(Information supplied):
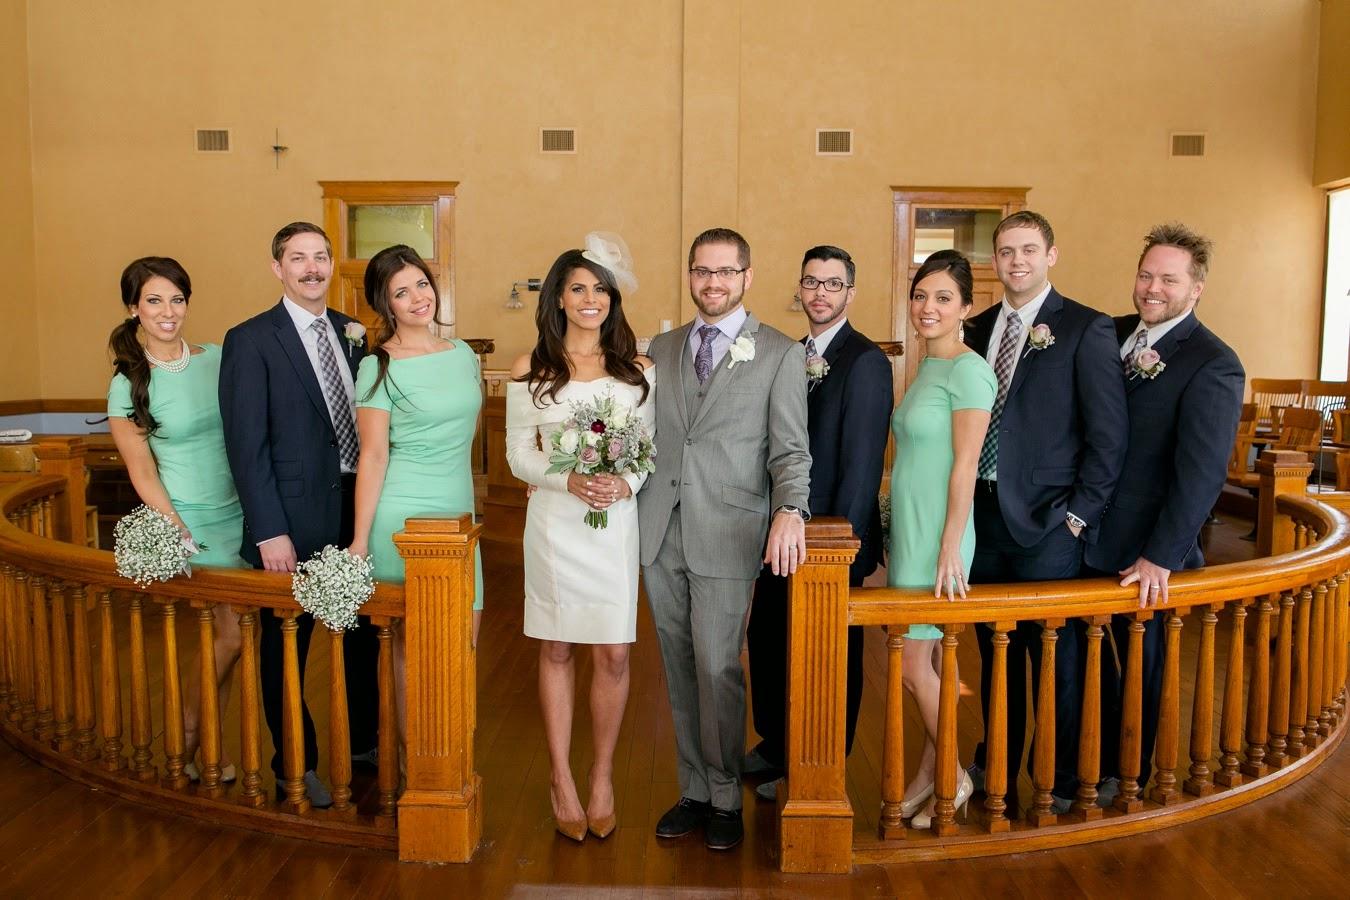 Rachel Amp Eric S Georgetown Courthouse Wedding Amp Lambert S
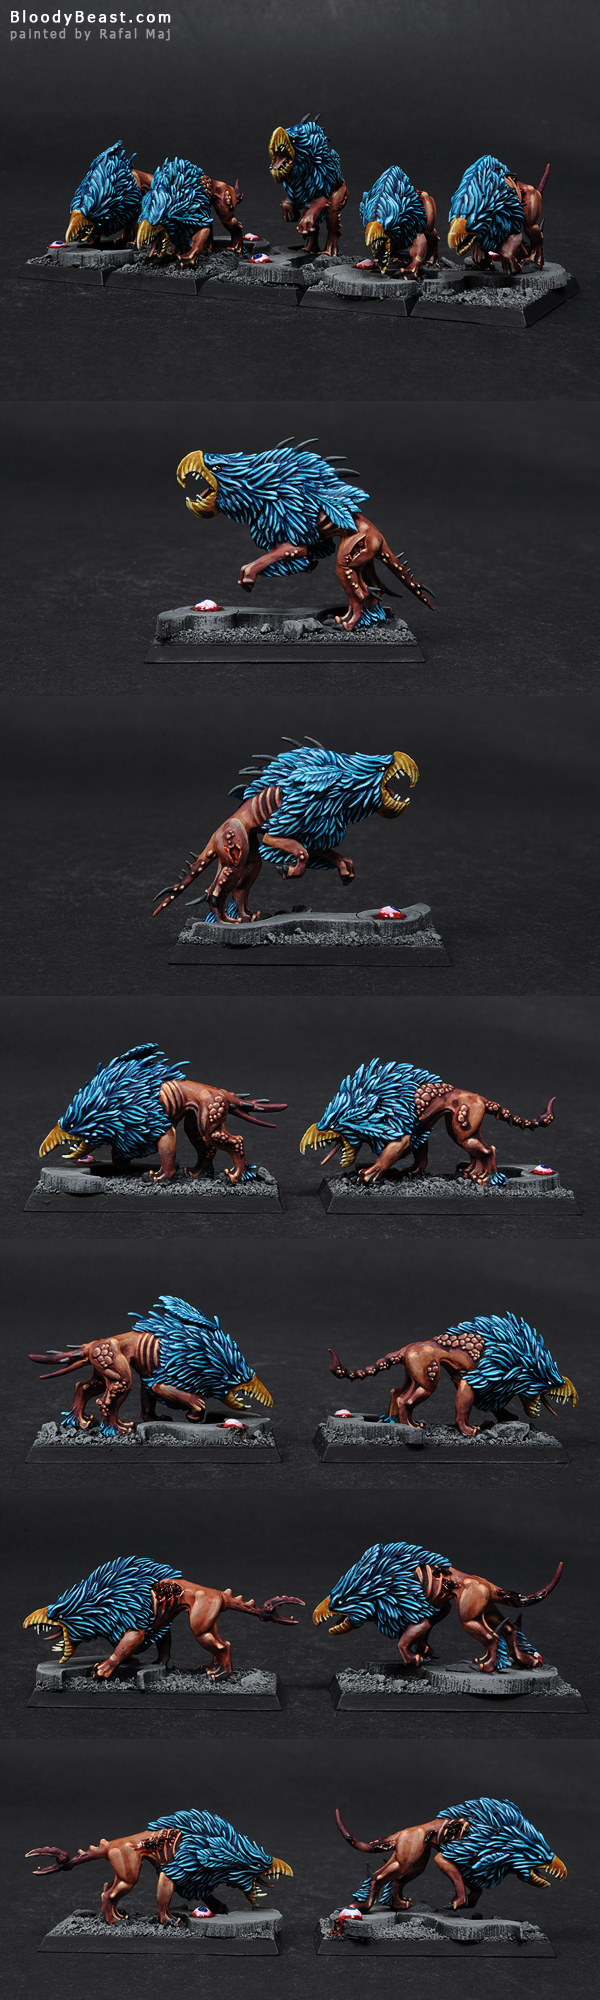 Chaos Warhounds of Tzeentch Closeups Painted by Rafal Maj (BloodyBeast.com)
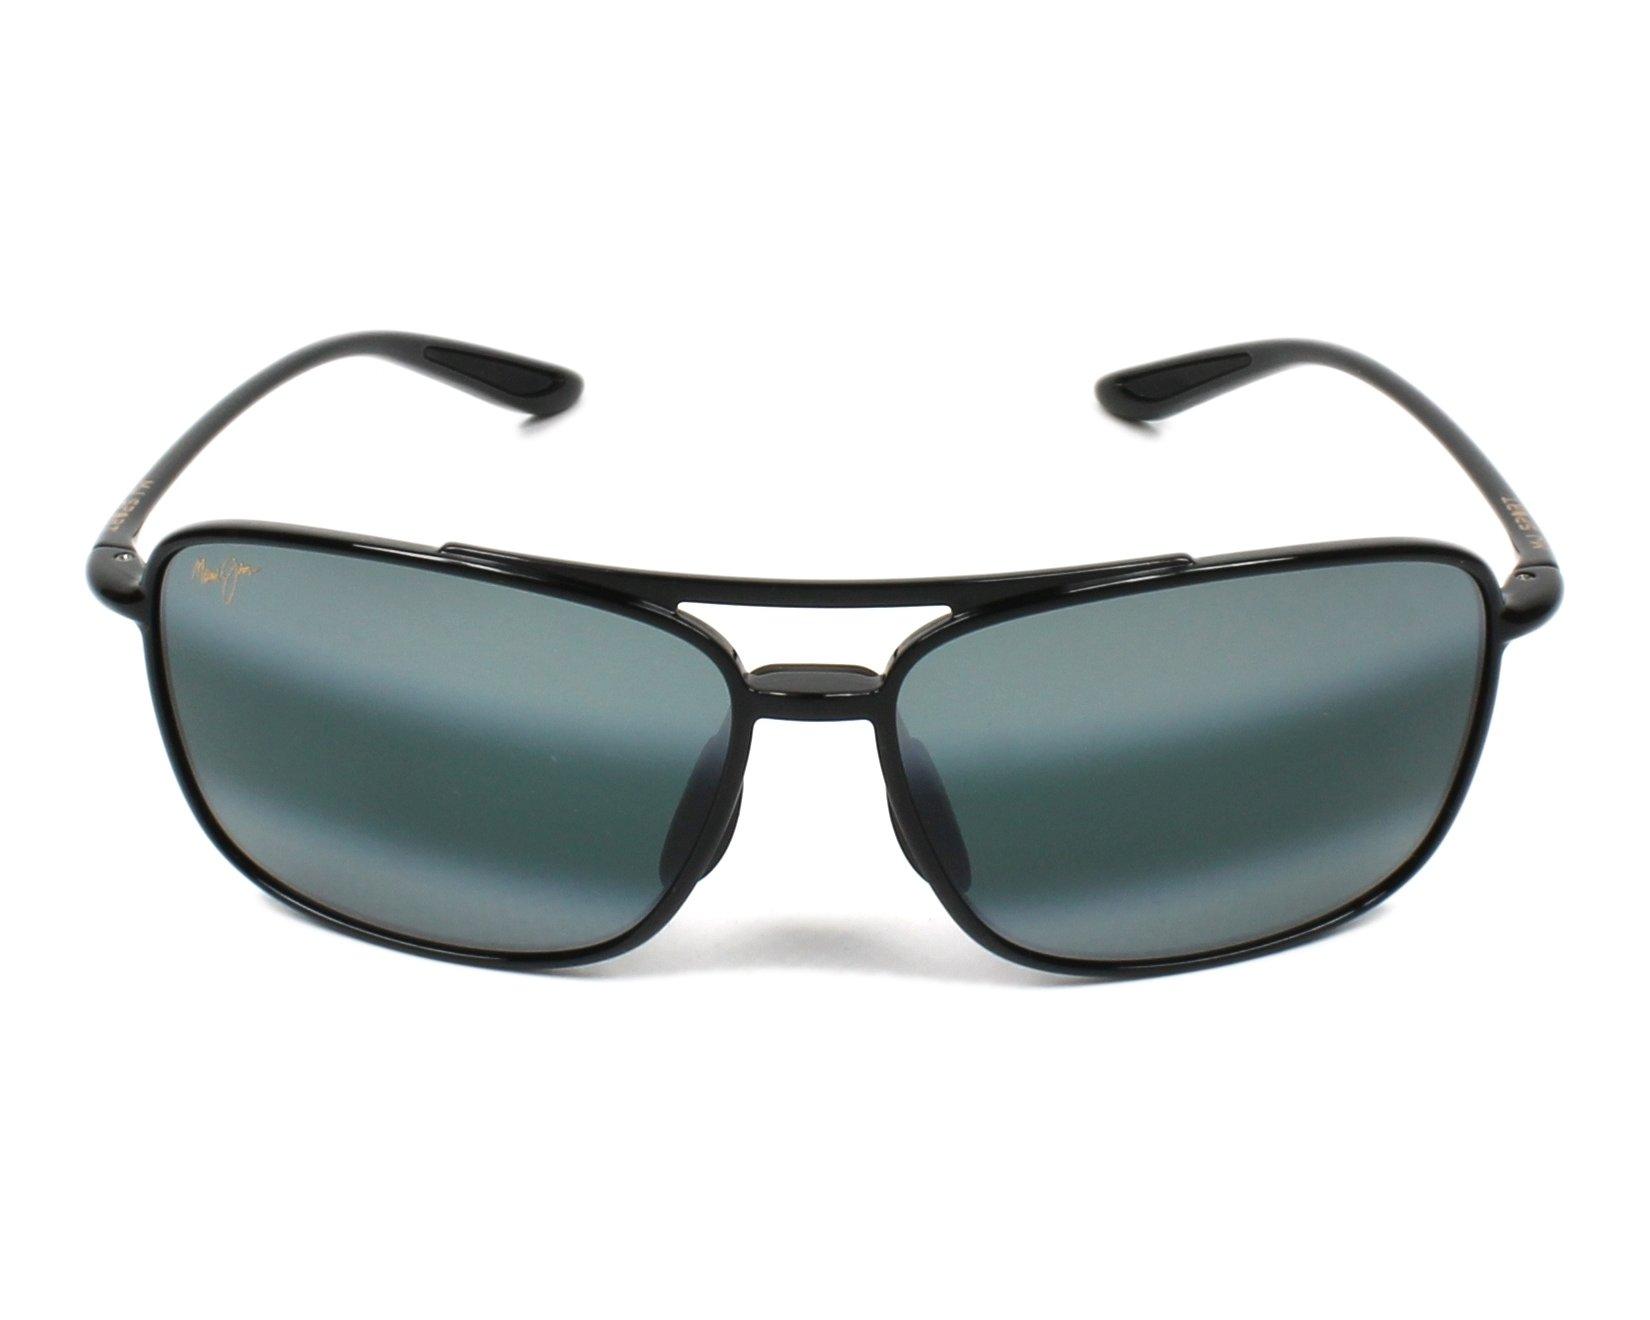 0380fb5cc755 Sunglasses Maui Jim 437 02 61-15 Black front view

(What is required): Copy out all the data exactly. The images should not appear in the copy.

(Output):
 Rachel Amp Eric S Georgetown Courthouse Wedding Amp Lambert S
 Chaos Warhounds of Tzeentch Closeups Painted by Rafal Maj (BloodyBeast.com)
 0380fb5cc755 Sunglasses Maui Jim 437 02 61-15 Black front view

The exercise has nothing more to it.